Princeton Times


November 9, 2012

Students improve grades with help of CU tutors

PRINCETON — When the school day ends at Melrose Elementary, Ethan Parsons, a student in Mrs. Cox’s class, does not head home. Instead, Parsons walks to the school’s cafeteria, where every Monday and Wednesday, Concord University students help tutor the children.

Parsons was planning on working on his homework Wednesday afternoon. Before he started, he said that he was going to work on his math homework. Parsons said that his class was working on “measuring stuff.”

Then, he agreed that his grades have risen because of the program.

He’s not the only person that’s pleased with the program, though. Melrose Principal Ernestine Battlo took a few minutes from her hectic day (one of the teachers was out for the day and a mix-up led to the students not being called to the buses at the normal times) and said the she, too, was impressed.

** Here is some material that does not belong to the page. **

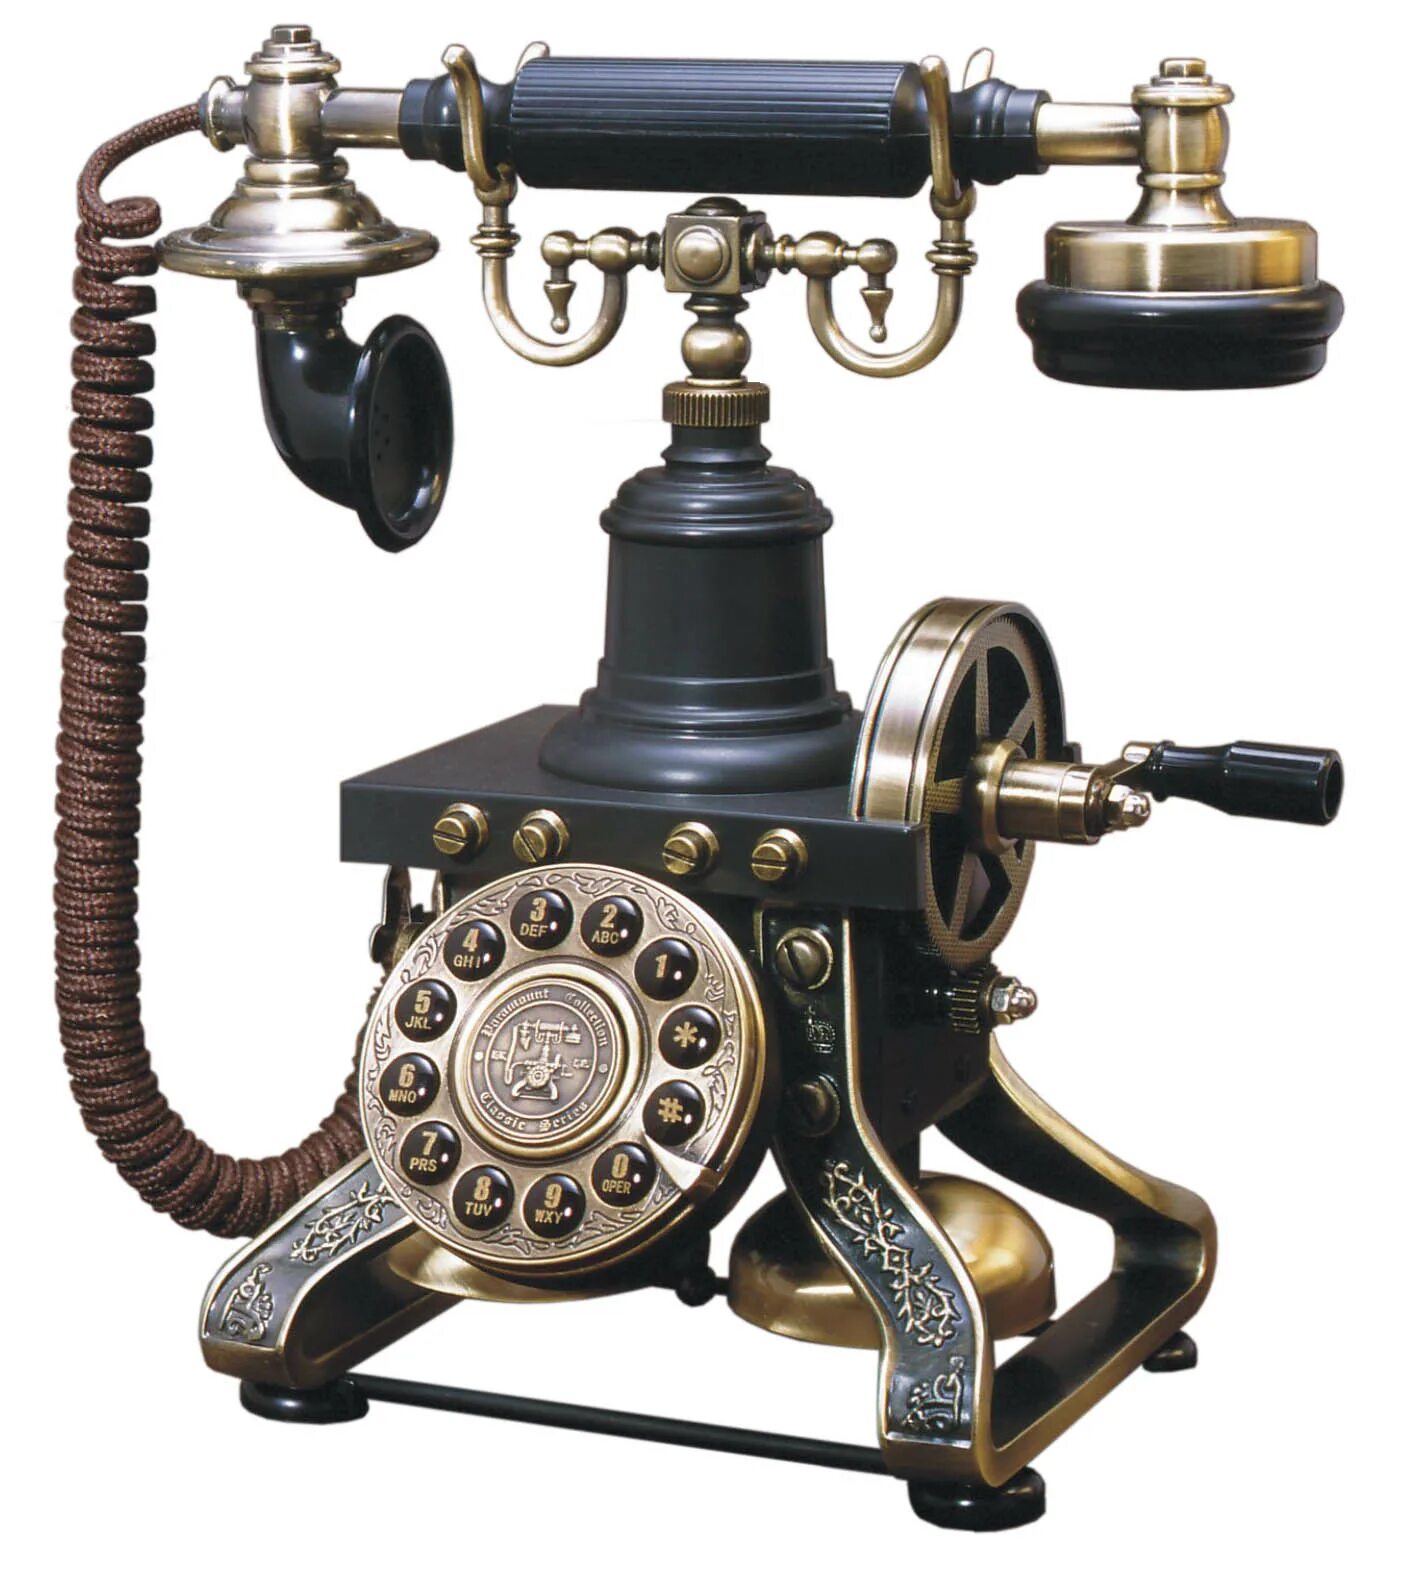 Картинки телефонных аппаратов. Телефонный аппарат Бойля 1896. Старинный телефонный аппарат. Телефонный аппарат ретро. Ретро телефон.

“We’ve just been so impressed with the number of kids that have come out for this,” Battlo said before rounding up another bunch of kids for a bus.

Later, Concord University Professor Andrea Campbell, who’s the director of the Melrose site, explained that a similar program started last year at Athens School. Due to high parent demand, Campbell said the program was expanded to Melrose.

Then, she explained that Concord Elementary Educa-tion students come to the school Monday and Wednes-day to help the students. It gives the students a chance to get some real life experience helping children learn.

Teachers and parents can work with the Concord students like Ashley Fury to shore up weak areas.

As children started to find their way into the cafeteria, Fury said the tutoring program gave her a chance to practice and she was there to assess the needs and help the students learn.

Fury added that she wanted to teach preschool aged children. Before she could say more though, she was bombarded with requests from students.

As the Concord students settled the younger children down, Battlo took a moment to look out over the cafeteria. All around, she must have seen pencils going up and down and students’ eyes deep into a book.  Then, she seemed to feel a little better about a hectic end to her day.